Monday, 20 August 2018

Exploring more immunization data...

Last week, inspired by Factfulness, I made a graph showing the BCG immunization coverage for children at 1 year. The Factfulness graph didn't mention any specific immunization programme and World Health Organisation data monitors immunization coverage for other vaccines. For that reason, I thought it would be good to download and graph more of the available global immunization data.

This allowed me to generate this graph which shows immunization coverage across the world for nine different vaccines. The various dates that monitoring starts shows that new immunization programs are being rolled out on a regular basis - good to see.




Below is the code for downloading the data and making the graph...
If you would rather just make the graph with some cleaner data, the data from Aug 20, 2018 is available on github and can be downloaded using the read_csv() code shown about half way down the script.

## START
##  download the data  
library(tidyverse)
# install.packages("WHO")
library(WHO)

# check out the codes of the WHO data...
codes <- get_codes()
# get codes for immunizations
immun_codes <- codes[grepl("[Ii]mmuniz", codes$display), ]
immun_codes$label

# go through each of the 18 to find global data...
# Number 1 has global data

# download number 1
# requires internet access
immun_data <- as.tibble(get_data(immun_codes$label[1]))

# filter for global data
immun_data <- filter(immun_data, region == "(WHO) Global")

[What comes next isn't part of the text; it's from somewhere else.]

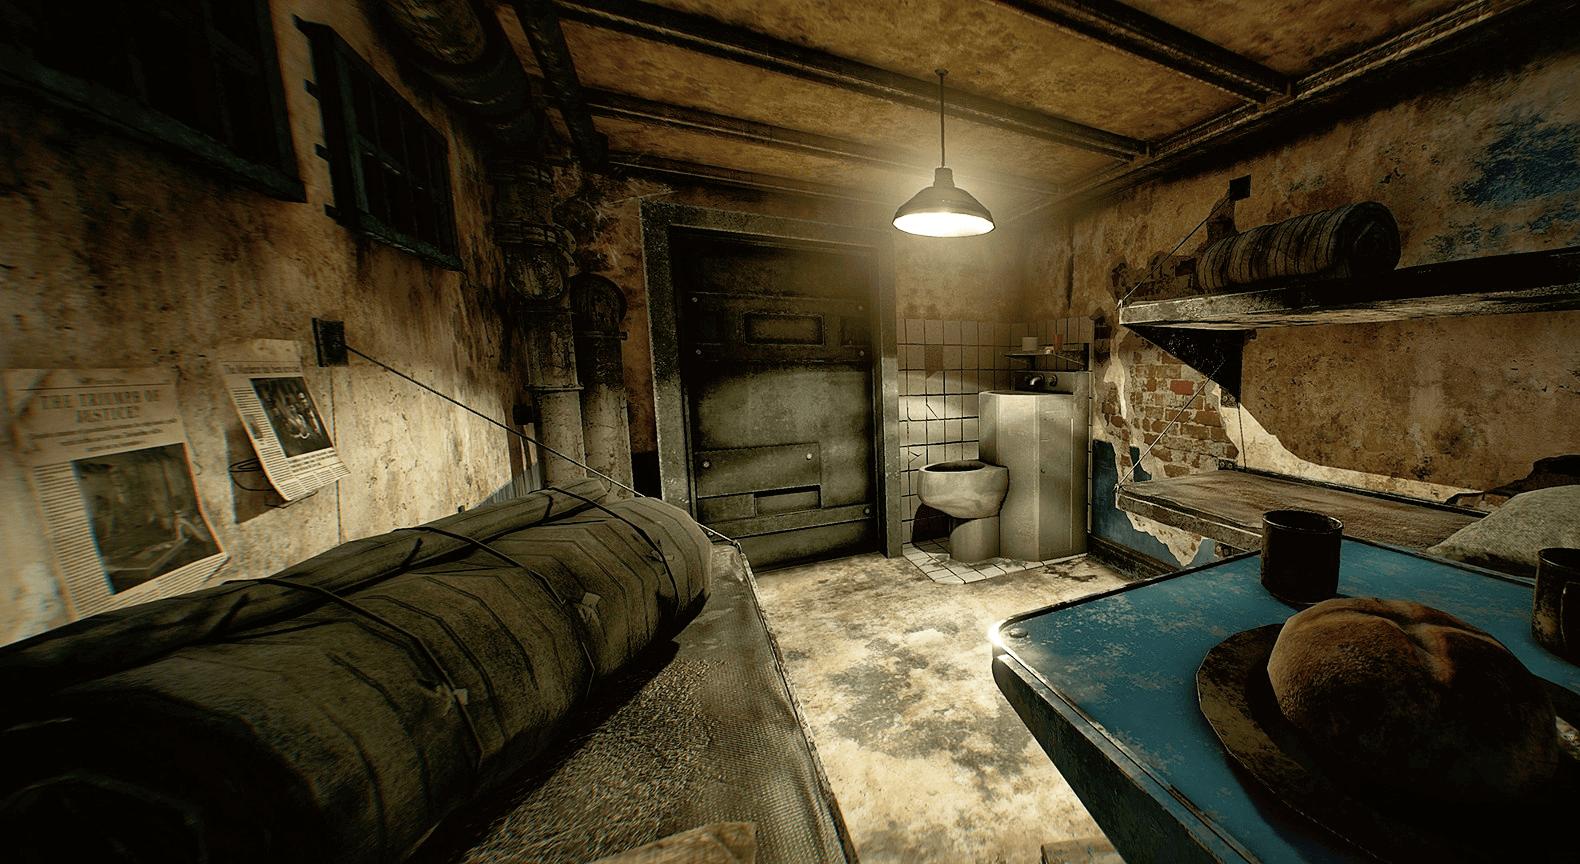 Виртуальная Квест-комната «Побег из тюрьмы»

# repeat download for next 2 to 18 WHO codes  
# had to do this as a loop as couldn't get it to work using lapply...
# start off with second value as first is above..
# requires internet access and patience...
for(i in 2:length(immun_codes$label)){
    # download the data
    data <- as.tibble(get_data(immun_codes$label[i])) 
    
    #tell you that it has downloaded...
    print(paste("Dataset",immun_codes$label[i], "downloaded."))
    
    # filter the data for Global values
    data <- filter(data, region == "(WHO) Global")
    
    # if there is some data bind_rows()
    if(nrow(data)>1){
        # bind_rows() function from dplyr
        immun_data <- bind_rows(immun_data, data)
    }else{   
        # if not just tell us....
        print("No global data in this set")
    }
}





# reduce columns using select() function  
immun_data <- select(immun_data, gho, region, year, value )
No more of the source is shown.